My brain goes in a million different directions all at once, every single emotion humanly possible rushes through me at the speed of light. I don’t know what to think, what to say, what to do.
“They said the damage to his organs was too much for his body. His organs failed.” My brother is a ghost, his face is without colour, his emotions are slammed back behind an iron gate. The only hint to him feeling anything at all is the single tear that rolls down his cheek.
“It’s over?” I ask, my voice sounding distant and wrong.
Chris nods, “it’s over.” He closes his eyes, a painfully relieved smile spreading across his lips as he sobs.
I run over, both of us holding onto the other for dear life. We use each other to stand, leaning and crying and laughing with twisted smiles on our faces.
My father is dead, he’s gone, he doesn’t exist anymore.
But then why does it feel like I’ve lost a part of myself? Why does it hurt so much? It shouldn’t hurt that he’s gone, he did nothing but torture me for twenty-one years. He was an awful man, an even worse father… and yet I’m still sad that he’s gone.
No matter how much I hated him, I could never picture a life where he didn’t exist at the same time as me.
Suddenly —without warning— I burst into a fit of laughter. Chris jumps, startled from the sound, and takes a step back while I hold my stomach and keel over.
“Are you okay?” He asks, concern dripping from every part of him.
I take a deep breath in, “yeah. It’s just funny that he always told me I was an attention seeking little bitch who tried to kill herself because people lost interest in me… then turned around and did the exact same thing.”
His eyes go wide for a moment before a crooked smile cracks his face and he joins my little laughing fit. “Dad died” Chris says between wheezes.
“We don’t have a dad anymore” I laugh harder.
God, I don’t even want to imagine what other people would think about us if they saw this right now. We probably look like maniacs, laughing about our dad dying.
Tash walks in and stares at us for a moment before waving a hand and brushing us off.
* * *
Tanner runs circles around Steph and I as we walk to our seats. The kid has so much energy it almost hurts to watch.
Tash holds baby Charlotte, the chubby little angel she gave birth to three months ago. I still laugh at the photos I have of Chris ugly crying when he first met her, he was so happy to have a daughter, I thought he was going to pass out. “Can you please take her? I’ve had to pee for the last hour, that drive was awful” she says to Steph before handing her the child and running off.
Steph looks down at her, smiling softly. She keeps saying she doesn’t want kids, but I have a feeling that’s going to change very soon. Every part of her screams ‘mom’, I don’t understand why she thinks she’d fuck her kids up.
We take a seat in the box with Lucas’s name written on the door, ready to watch him duke it out with August and Miller.

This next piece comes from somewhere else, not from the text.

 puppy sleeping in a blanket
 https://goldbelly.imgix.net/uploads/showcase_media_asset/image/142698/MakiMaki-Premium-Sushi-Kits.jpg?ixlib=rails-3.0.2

It’s weird, finally being happy and having life work out for me. I spent so long fighting for peace and trying to survive, and now that the waters have calmed… I feel uneasy.

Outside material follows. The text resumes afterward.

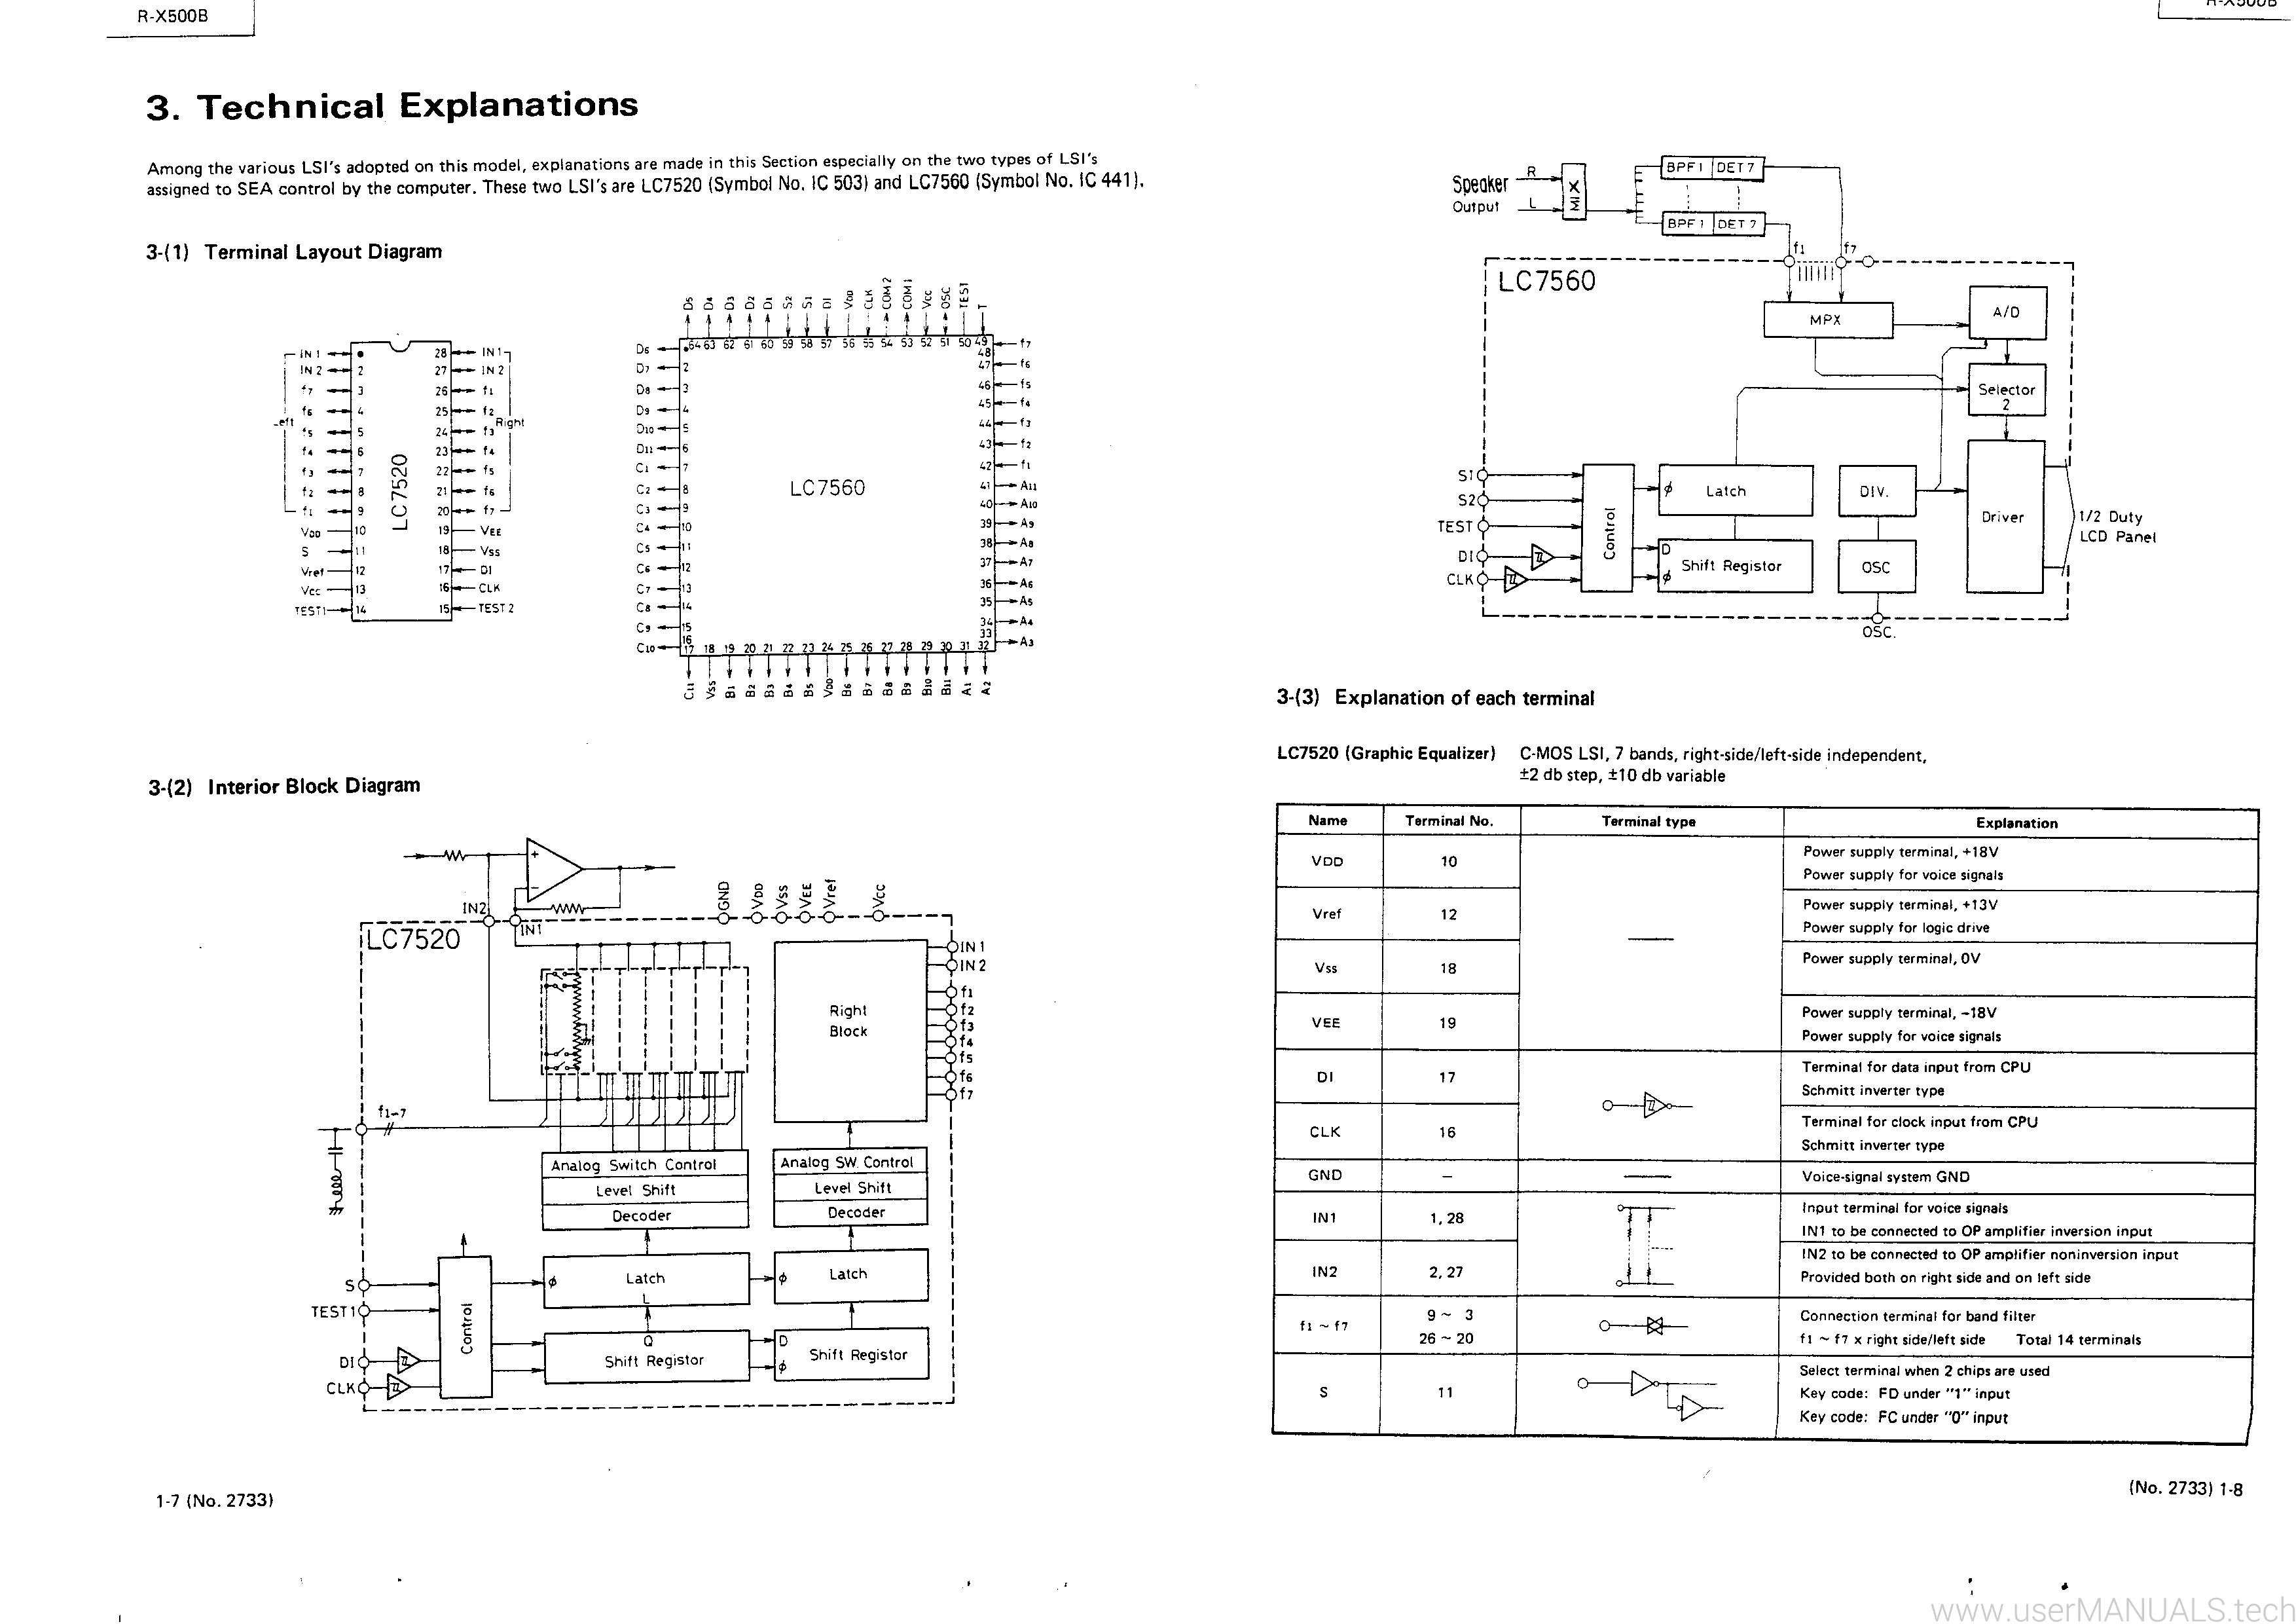 JVC R X500 Service Manual

Part of me wonders when the other shoe will drop, when the universe will finally throw something at me and laugh in my face for thinking I could have it this good. But it’s been years since my life has fallen apart, so I’m trying to be hopeful.
The game’s been great so far, Vancouver is kicking L.A.’s ass, but then Miller goes in for a hit and drops Lucas.
My heart starts to thud against my ribs the longer he lays on the ice. The entire arena goes silent, not a single person dares to speak while the medical staff run out to check on my boyfriend.
An assistant comes crashing into our box and tells me I’m needed on the ice. Tears well in my eyes as I rush out, following closely behind as every bad thought possible races through my head.
God, what if his career is over? He’ll be heartbroken.
My feet slip on the ice, my lungs constrict at the sight of him laying there motionless.
This is bad.
“I’m so sorry Claire! I didn’t mean to” Miller yells from his bench.
I give him a half hearted smile, reassuring him that it’s okay before sliding to my knees at Lucas’s side. His eyes are closed, his breathing is rapid, he looks like he’s in so much pain.